USP Grand Avignon
- Full name: US Pontet Grand Avignon 84
- Founded: 1980
- Dissolved: 2021
- Ground: Stade de Montbord
- Chairman: Jihad Meroueh
- Manager: Mohamed Chaouch
- League: Regional 1, Mediterranée
- 2018–19: National 3 Group D, 12th (relegated)
| Home colours |

= US Le Pontet Grand Avignon 84 =

French football club

US Pontet Grand Avignon 84 (previously Union Sportive Le Pontet Football) was a football club based in Le Pontet, Vaucluse, France. They played at the Stade de Montbord in Le Pontet until dissolution in 2021.

==History==
The club was formed in 1980 under the name of Olympique Pontétien. It was not until 1984 that they changed their name to Union Sportive Le Pontet Football.

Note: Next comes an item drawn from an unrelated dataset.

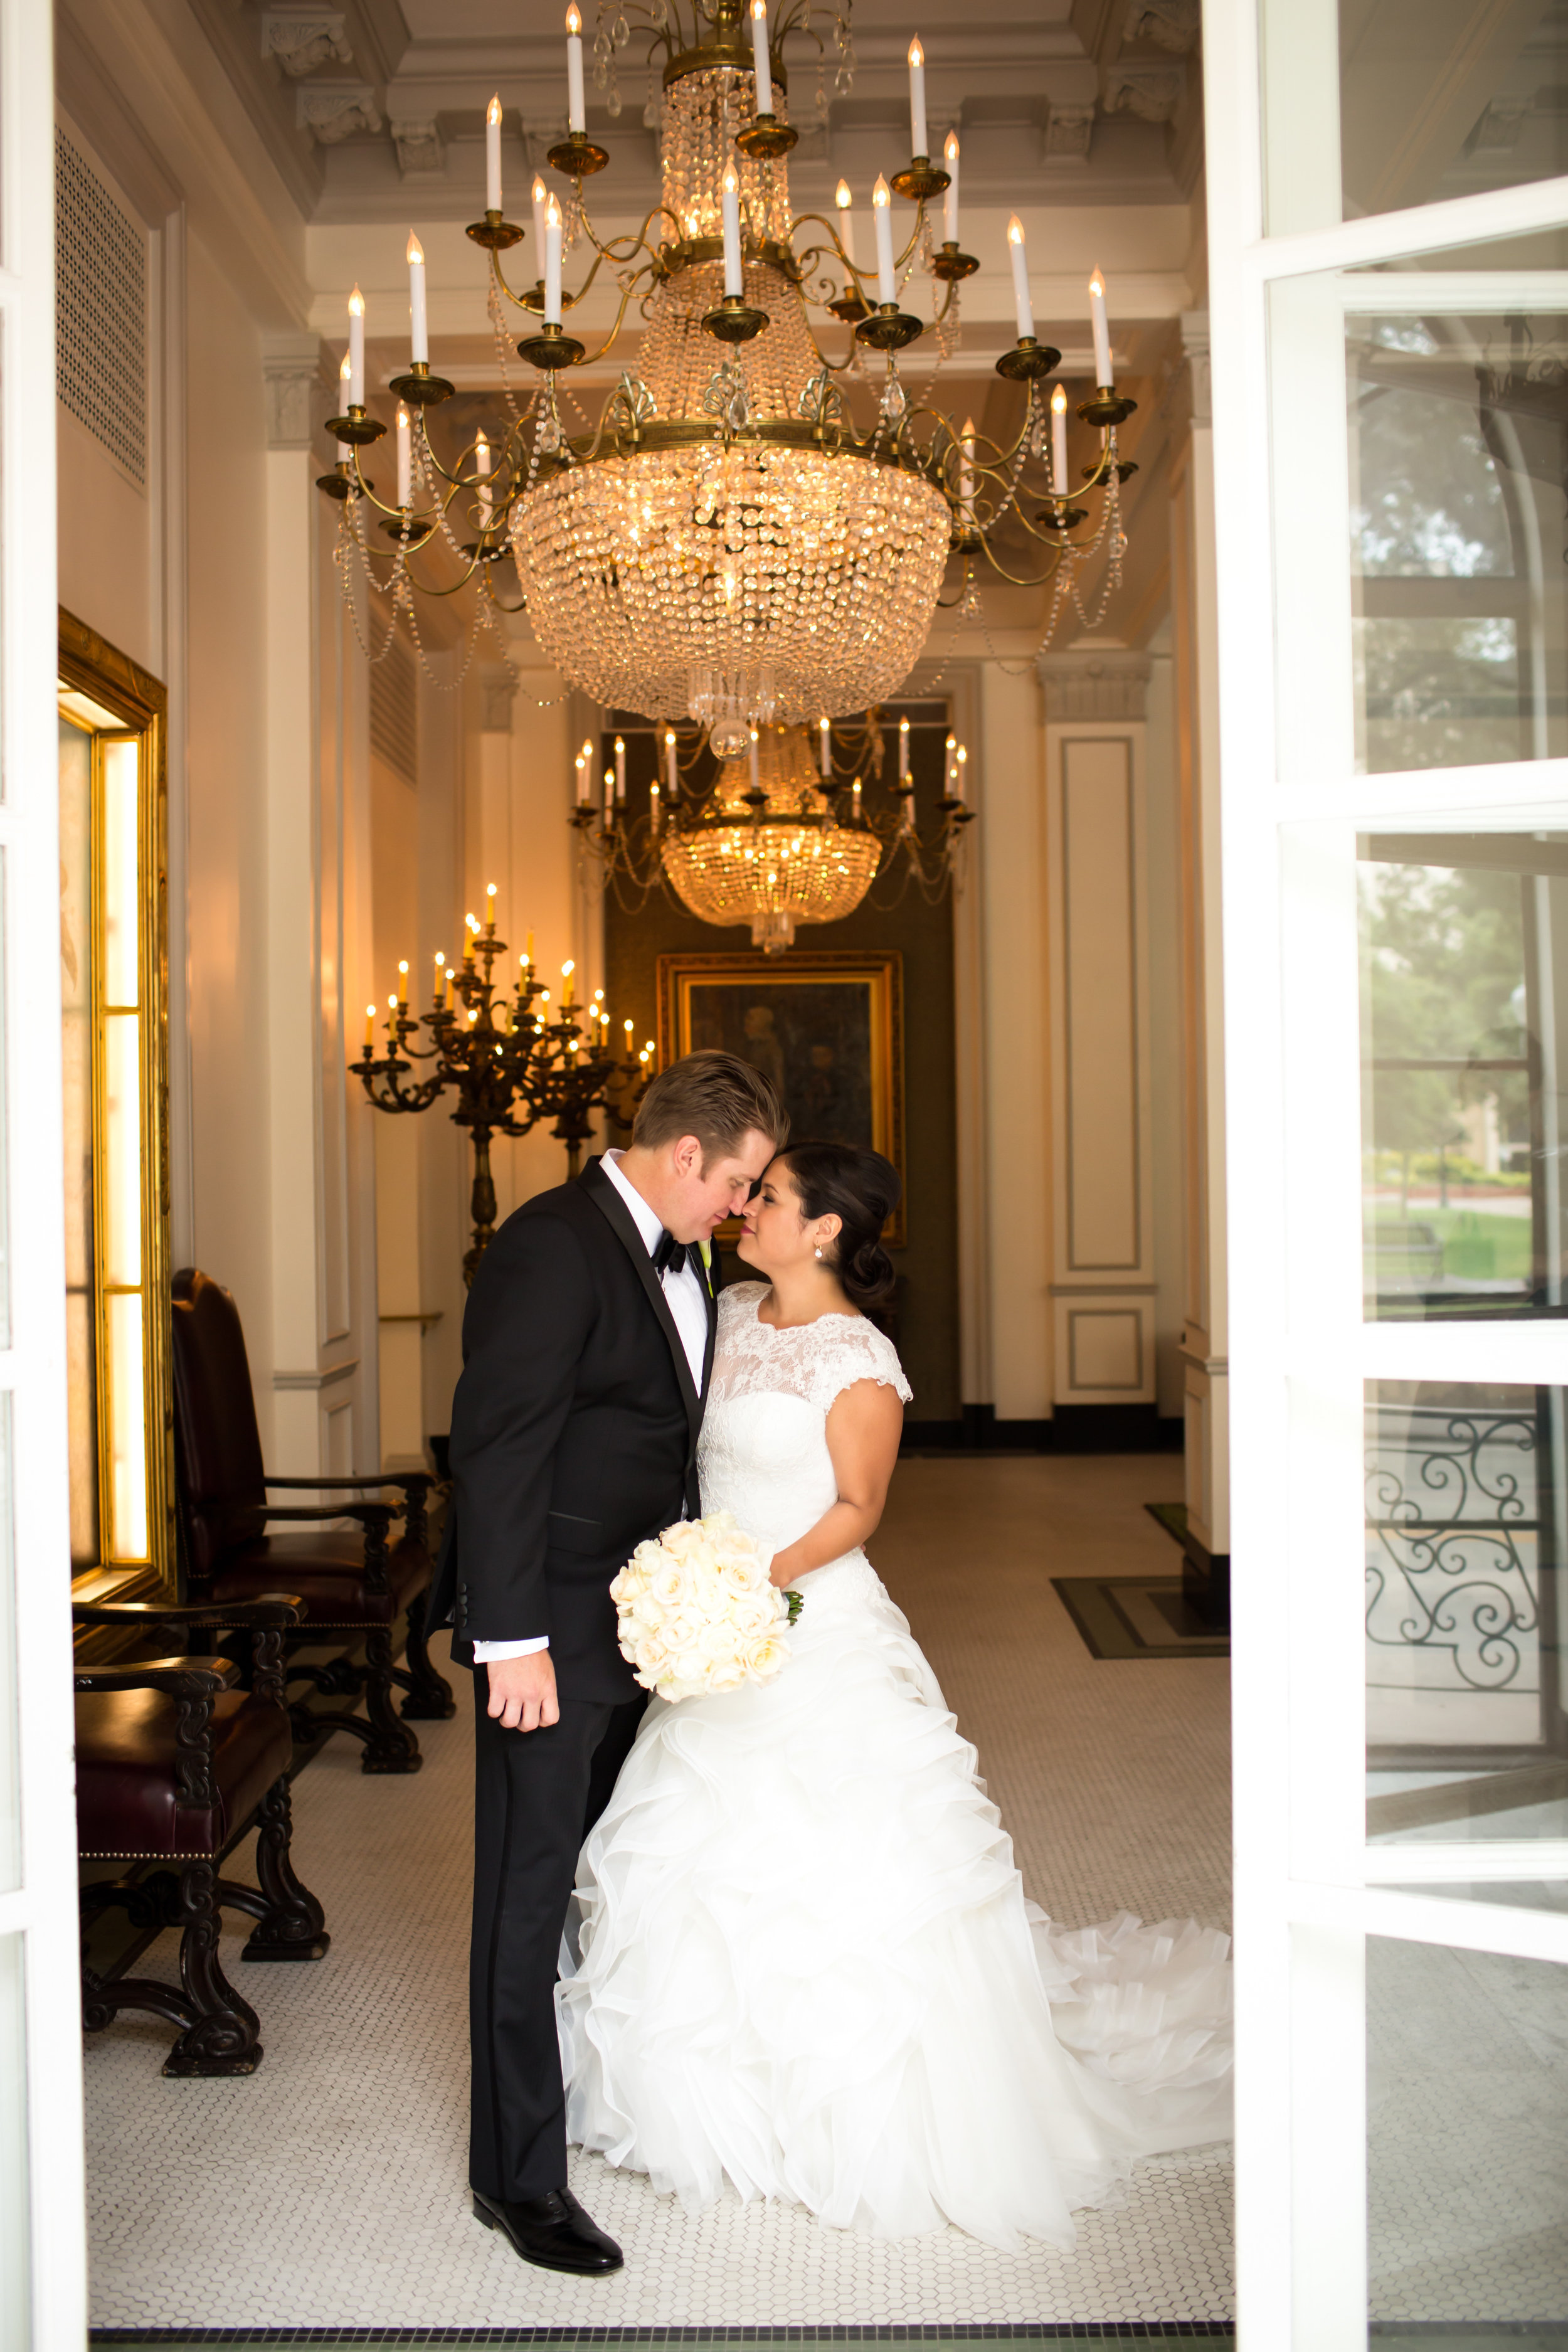 Marble_Falls_Horseshoe_Bay_Photographer_Torres_Wedding_19.jpg

Under the US Le Pontet sports club, the football section was one of eight sports offered. In May 2017 the club voted to rename US Pontet Grand Avignon 84. Elements of the team merged with Athlétic Club Vedène to form Athlétic Club Vedène Le Pontet in 2020 in face of financial pressure from the Le Pontet municipality. In 2021 the multi-sports club dissolved including the football section as a result of the financial situation.